To the extent § 12-21-2710 may be considered a land use regulation, we consider its economic impact, its interference with reasonable investment-backed expectations, and the character of the governmental action in determining whether there has been a regulatory taking. Eastern Enterprises v. Apfel, 524 U.S. 498 (1998). Although plaintiffs assert their real property is well-suited in location and configuration only to the video gaming business, they cannot tenably claim it will have absolutely no economic value if no longer used to house video gaming operations. Further, even if the regulation does deny the owner all economically viable use of his land, it does not constitute a taking if it substantially advances legitimate government interests. Lucas v. South Carolina Coastal Council, 505 U.S. 1003 (1992). As discussed above, we find the forfeiture of video gaming machines does substantially advance legitimate government interests in prohibiting illicit gaming.
Moreover, even where he is deprived of all economically viable use of his property, an owner must still have reasonable investment-backed expectations to establish a taking. Good v. United States, 189 F.3d 1355 (Fed. Cir. 1999); McQueen v. South Carolina Coastal Council, Op. No. 25108 (S.C. Sup. Ct. filed April 17, 2000) (Shearouse Adv. Sh. No. 15 at 1). A property owner operating in a highly regulated field cannot assert a reasonable expectation that government regulation will not be altered to his detriment. Concrete Pipe and Products of California Inc. v Constr. Laborers Pension Trust for Southern California, 508 U.S. 602 (1993); Connolly v. Pension Benefit Guar. Corp, 475 U.S. 211 (1986). Where, as here, the regulatory climate renders an owner's investment-backed expectations unreasonable, no taking will be found. Good, 189 F.3d at 1362 63 (finding that in light of growing public consciousness and sensitivity on issue, owner must have been aware that the standards and conditions governing the issuance of permits could change to his detriment).
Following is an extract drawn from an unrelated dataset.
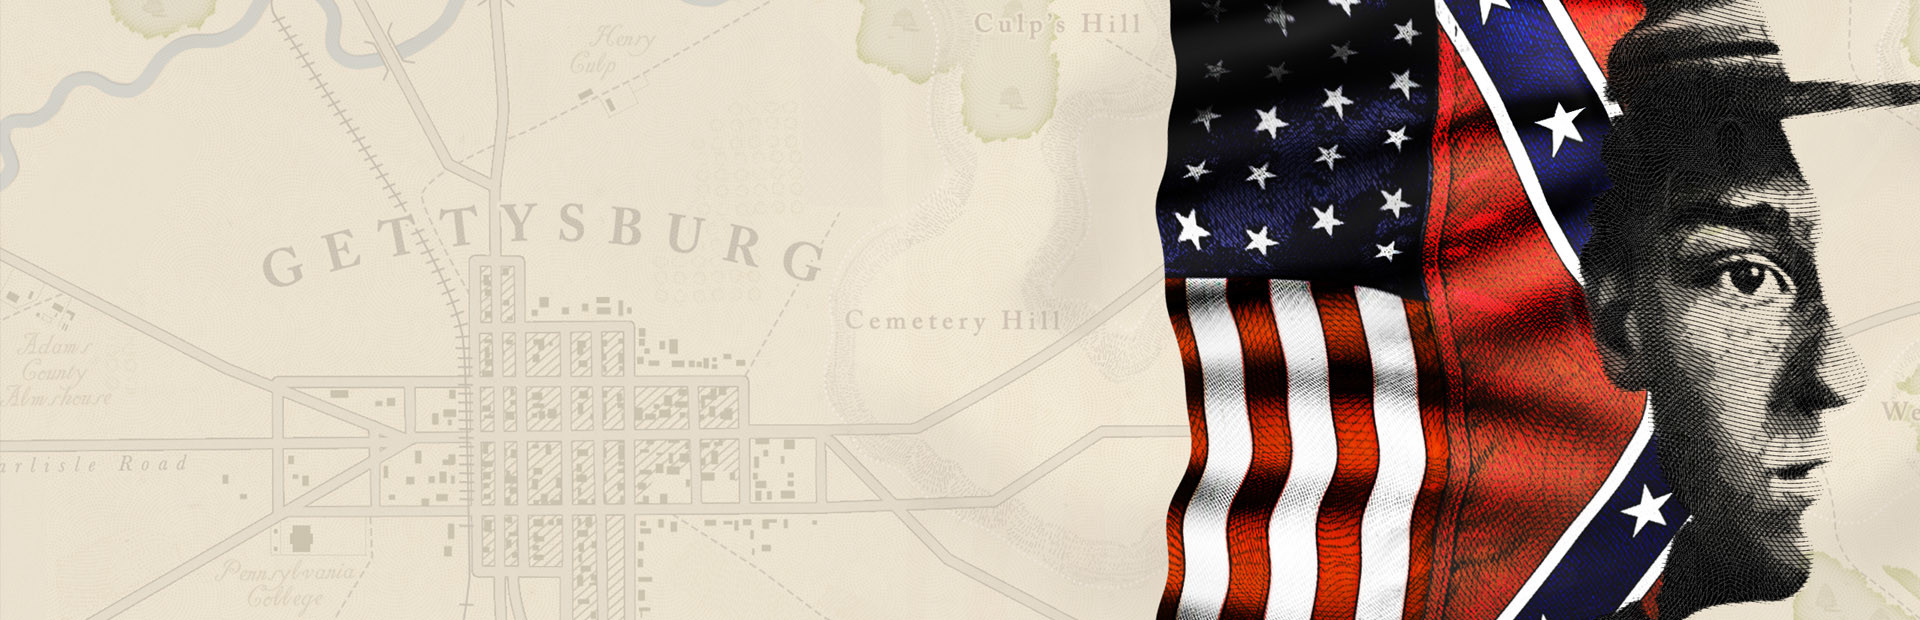 Gettysburg: The Tide Turns cover image
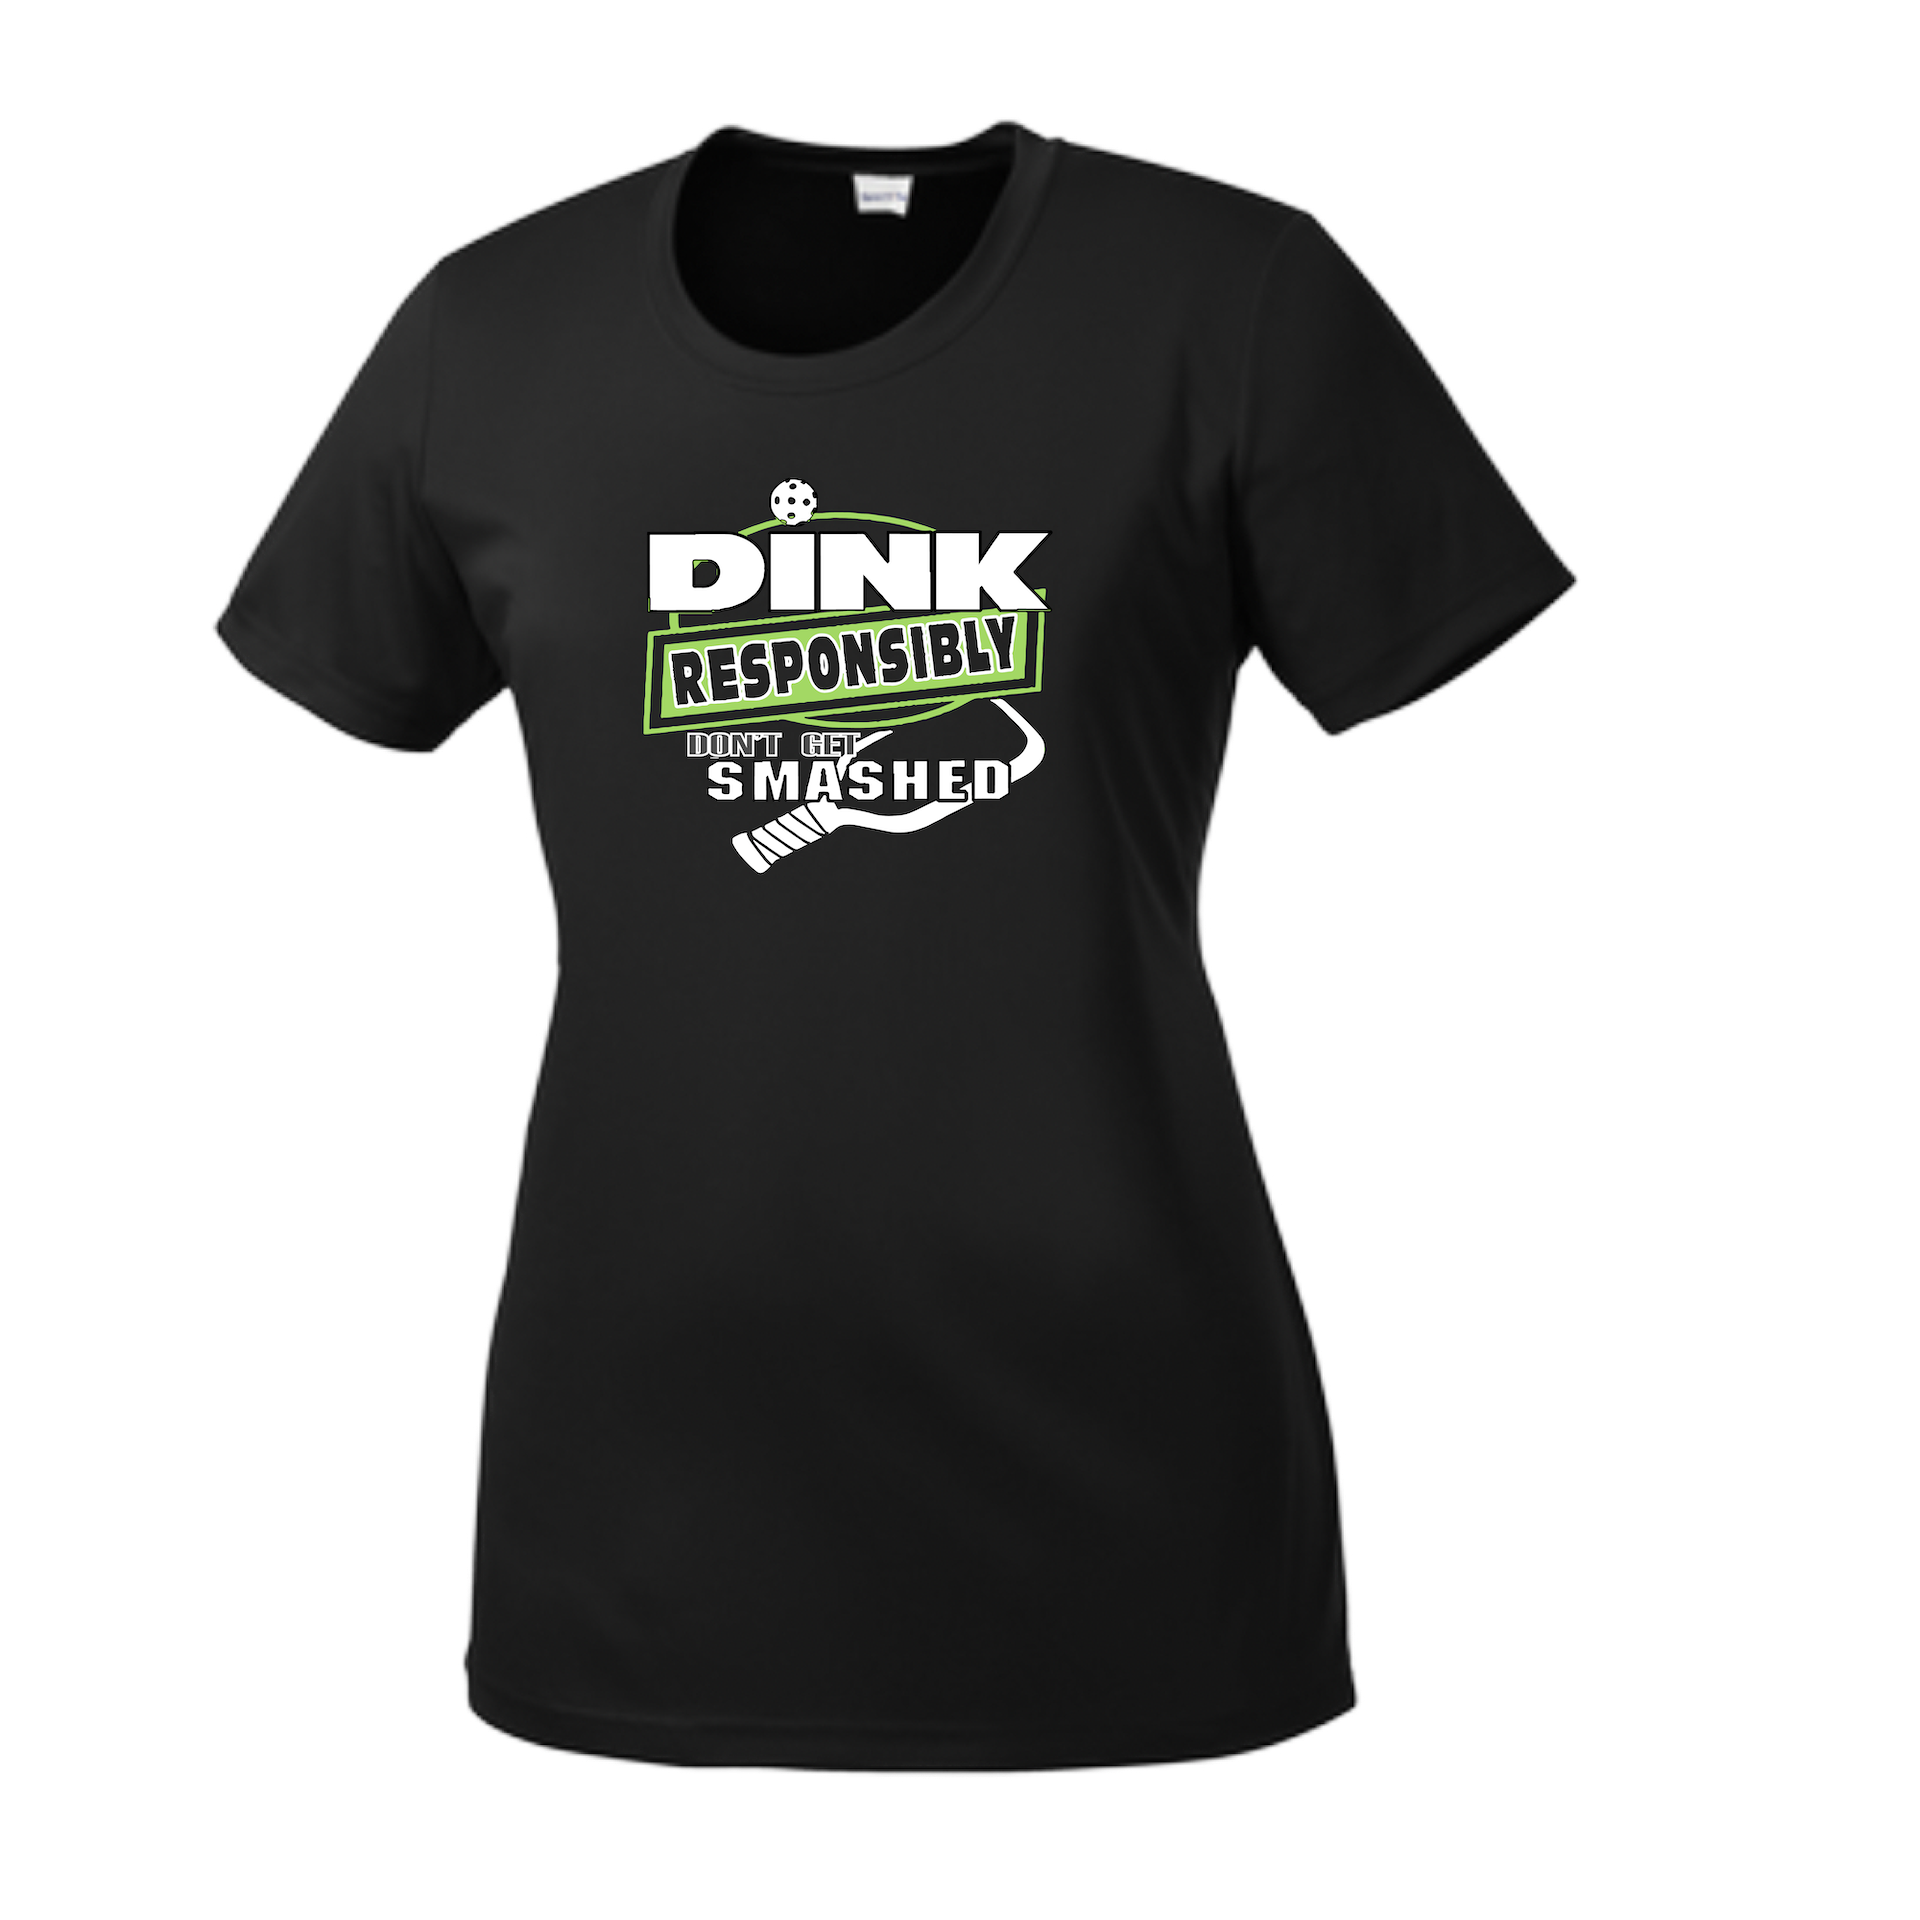 Pickleball Design: Dink Responsibly - Don't Get Smashed  Women's Style:  Short-Sleeve Crew-Neck  Shirts are lightweight, roomy and highly breathable. These moisture-wicking shirts are designed for athletic performance. They feature PosiCharge technology to lock in color and prevent logos from fading. Removable tag and set-in sleeves for comfort.

We apply this same analysis to the takings claim under our State Constitution and conclude plaintiffs have established no taking of their real property under either constitution.
CONCLUSION
Because we find plaintiffs' takings claims to be without merit, we refuse to enjoin the enforcement of Part I of Act No. 125. Further, we summarily dispose of plaintiffs' 42 U.S.C. § 1983 cause of action. See Brown v. Evatt, 322 S.C. 189, 470 S.E.2d 848 (1996) (§ 1983 cause of action fails where no constitutional deprivation).
INJUNCTION DENIED.
TOAL, C.J., BURNETT, PLEICONES, JJ., and Acting Justice James W. Johnson, Jr., concur.